# DIRECTIONS
In the records below, repeat word for word only the lines starting at the one that contains "Stars & Stripes" and ending at the one that contains "Playa de la", pictures excluded.

══ MATERIAL FOR THIS EXERCISE ══

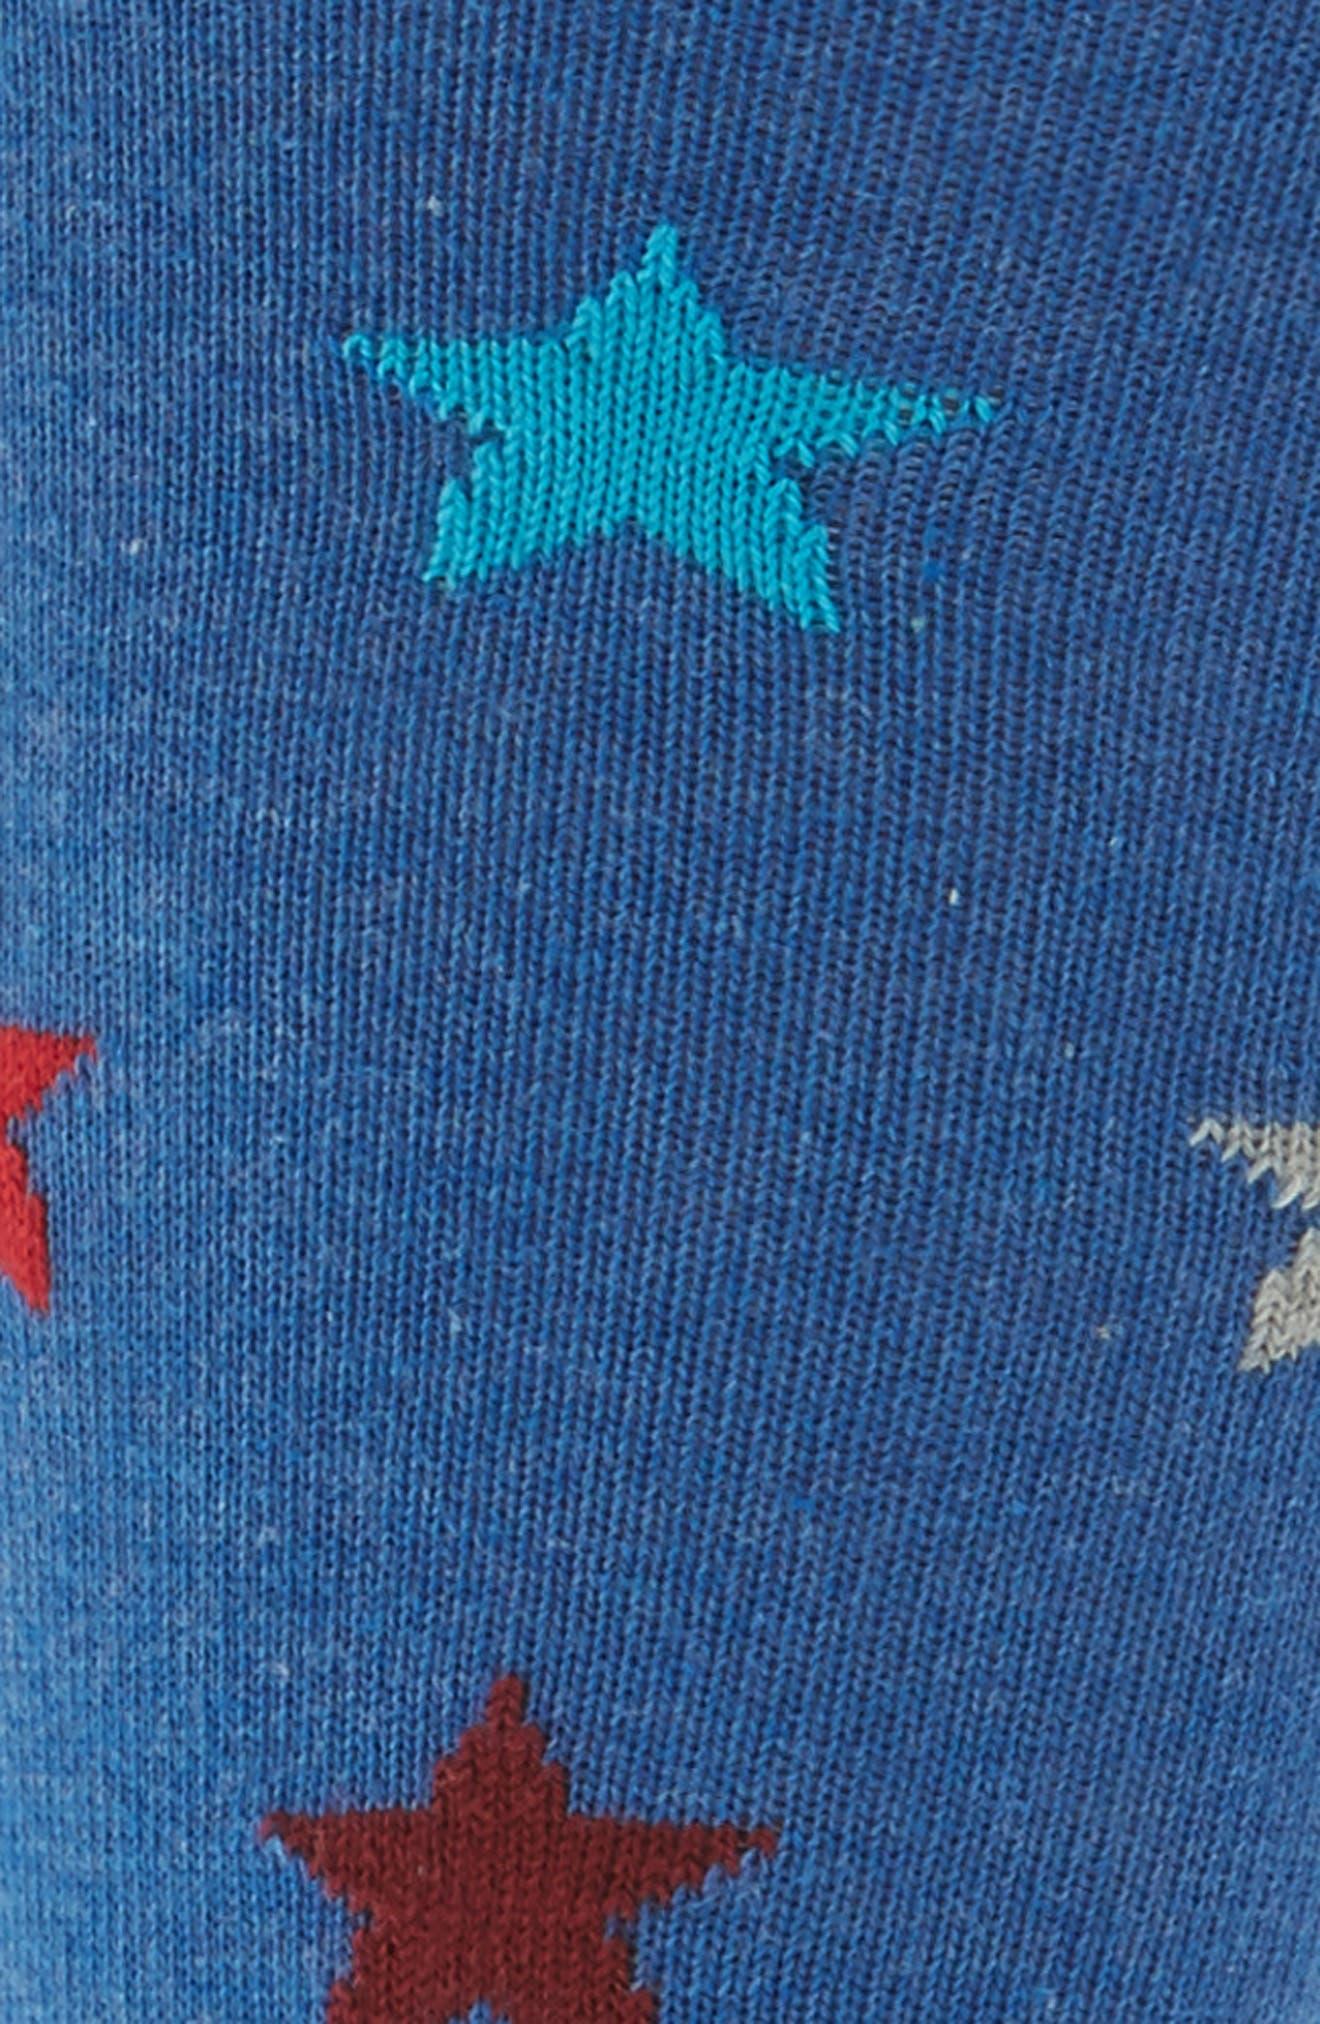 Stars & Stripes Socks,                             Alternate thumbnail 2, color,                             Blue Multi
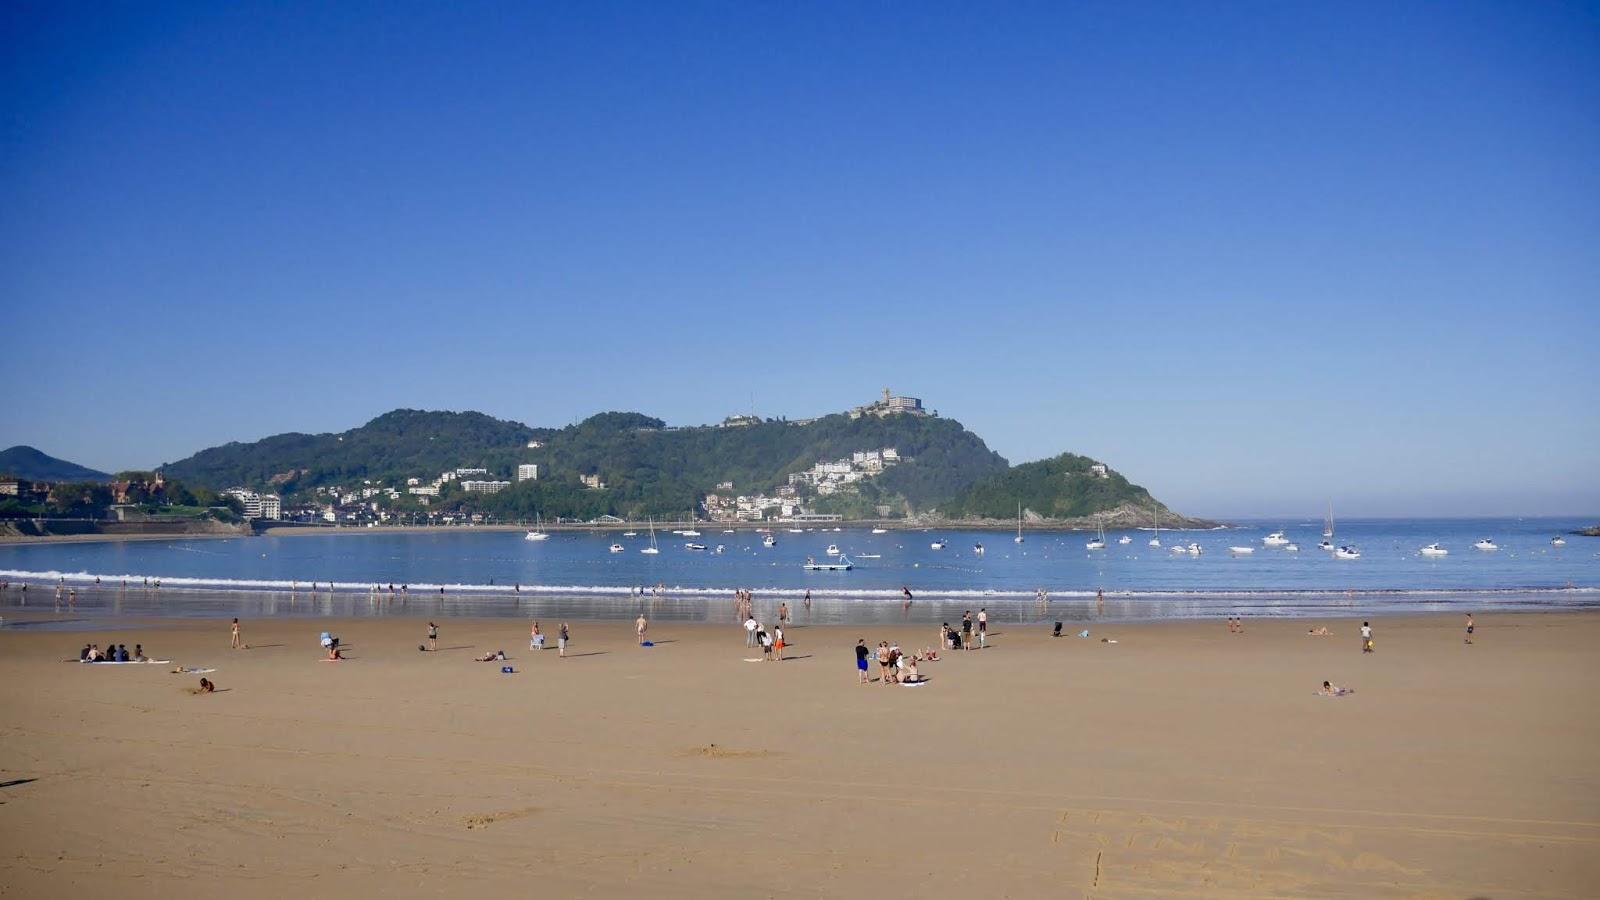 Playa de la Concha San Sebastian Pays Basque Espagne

═══
══ MATERIAL FOR THIS EXERCISE ══

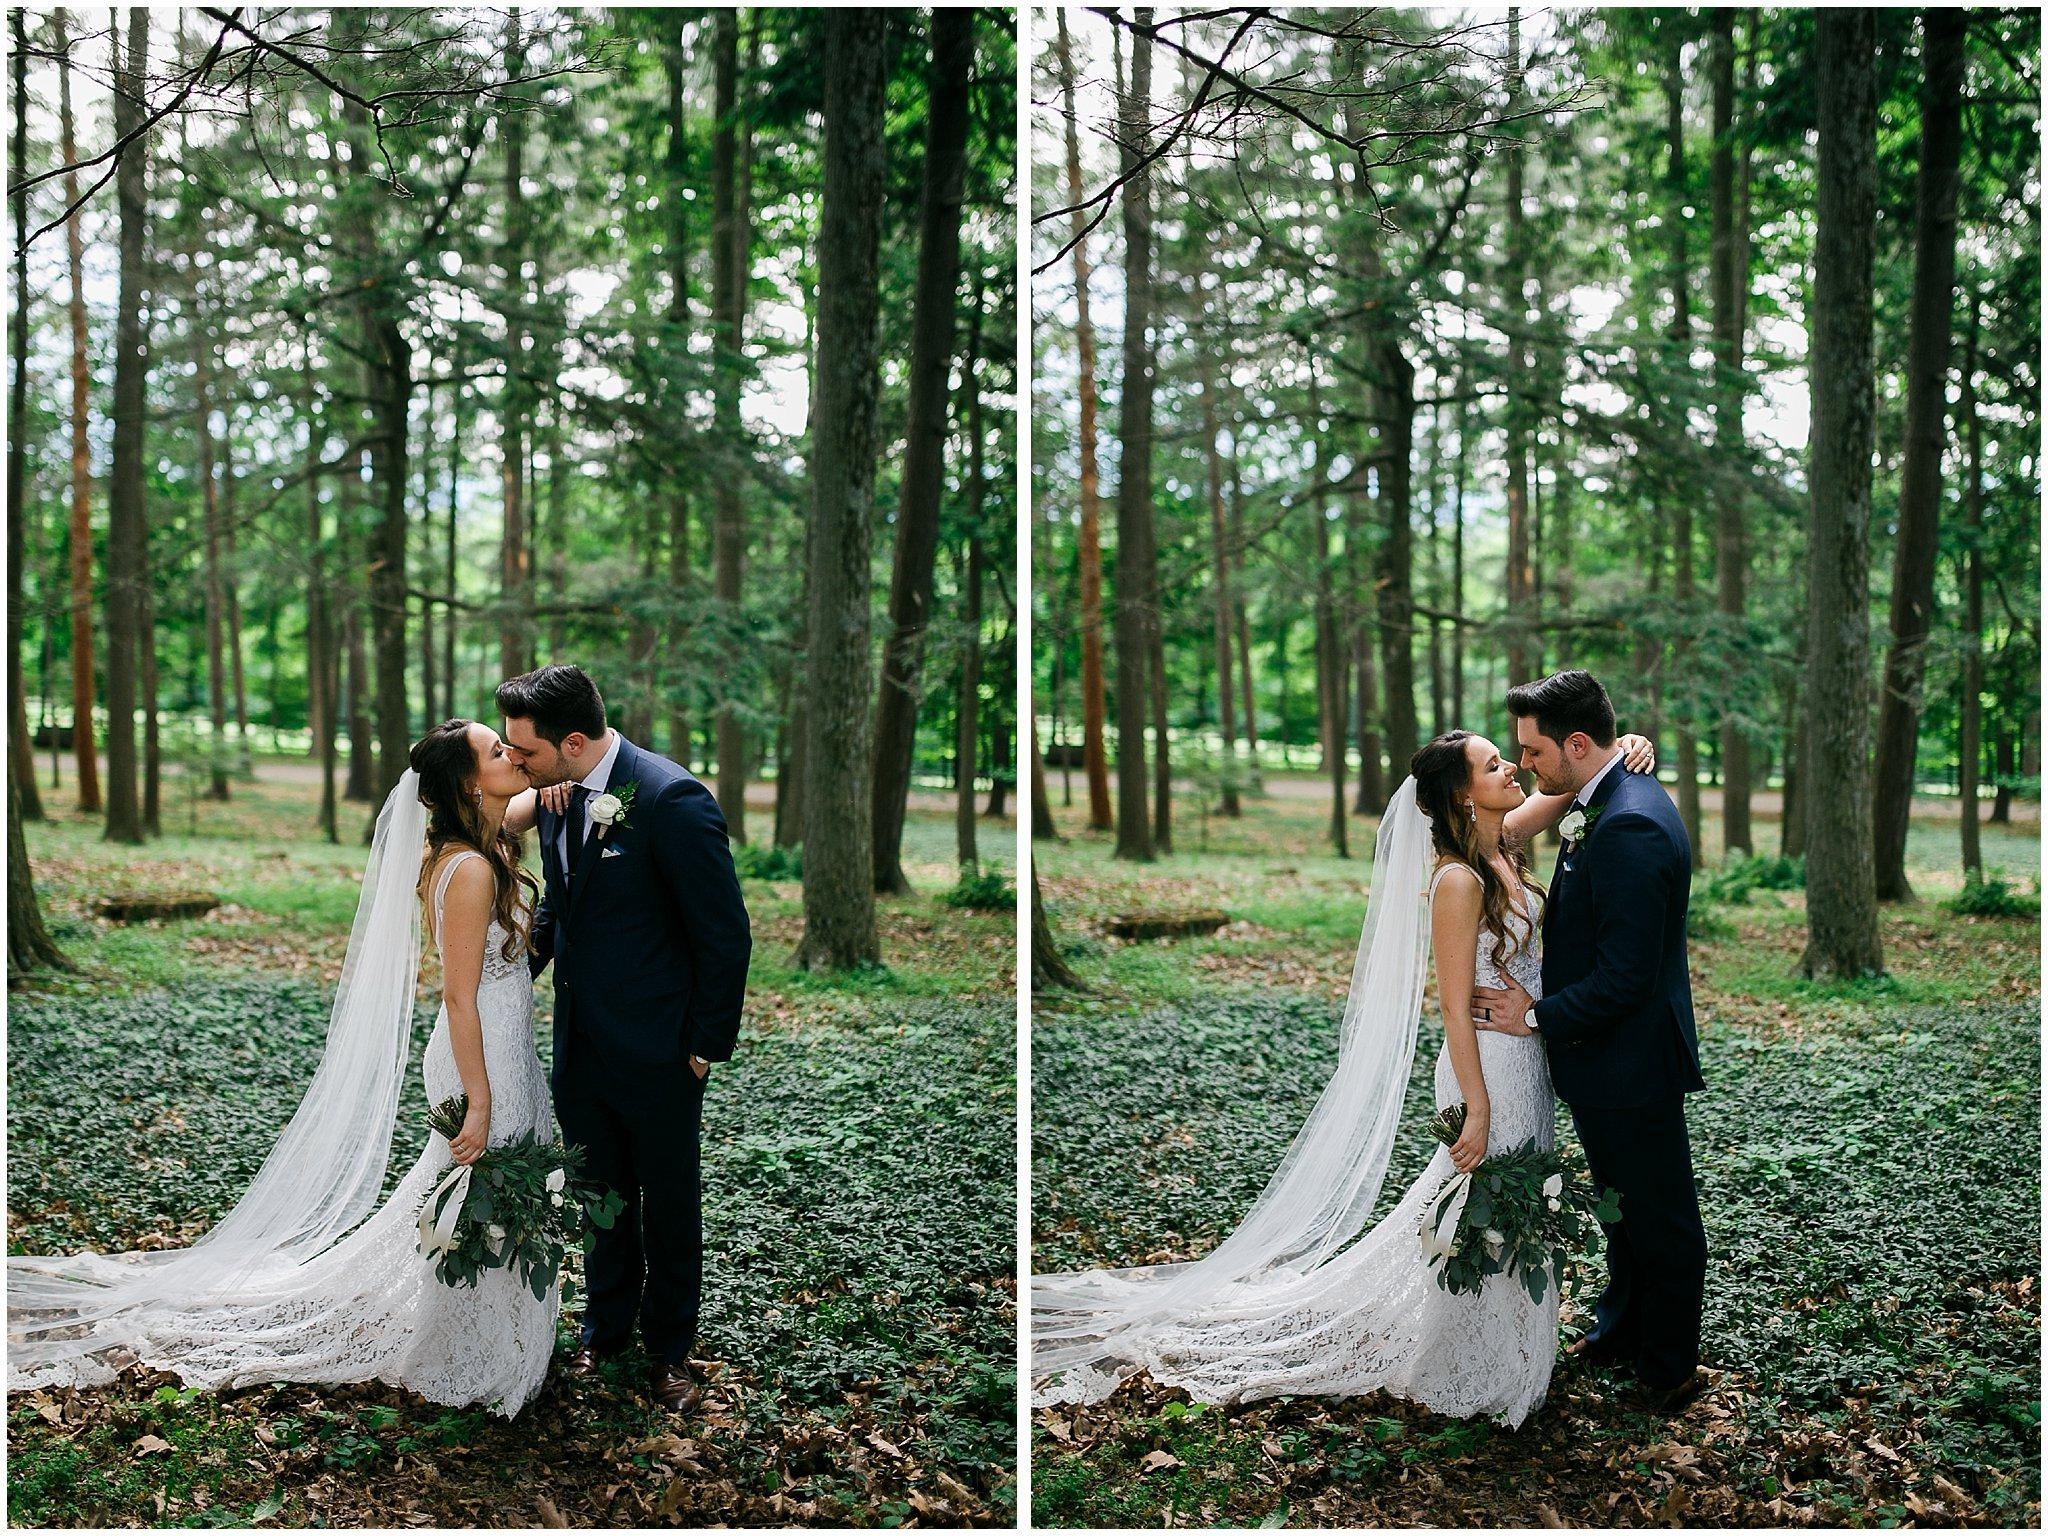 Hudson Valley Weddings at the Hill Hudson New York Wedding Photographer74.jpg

═══

# SOLVED EXERCISE
 Stars & Stripes Socks,                             Alternate thumbnail 2, color,                             Blue Multi
 Playa de la Concha San Sebastian Pays Basque Espagne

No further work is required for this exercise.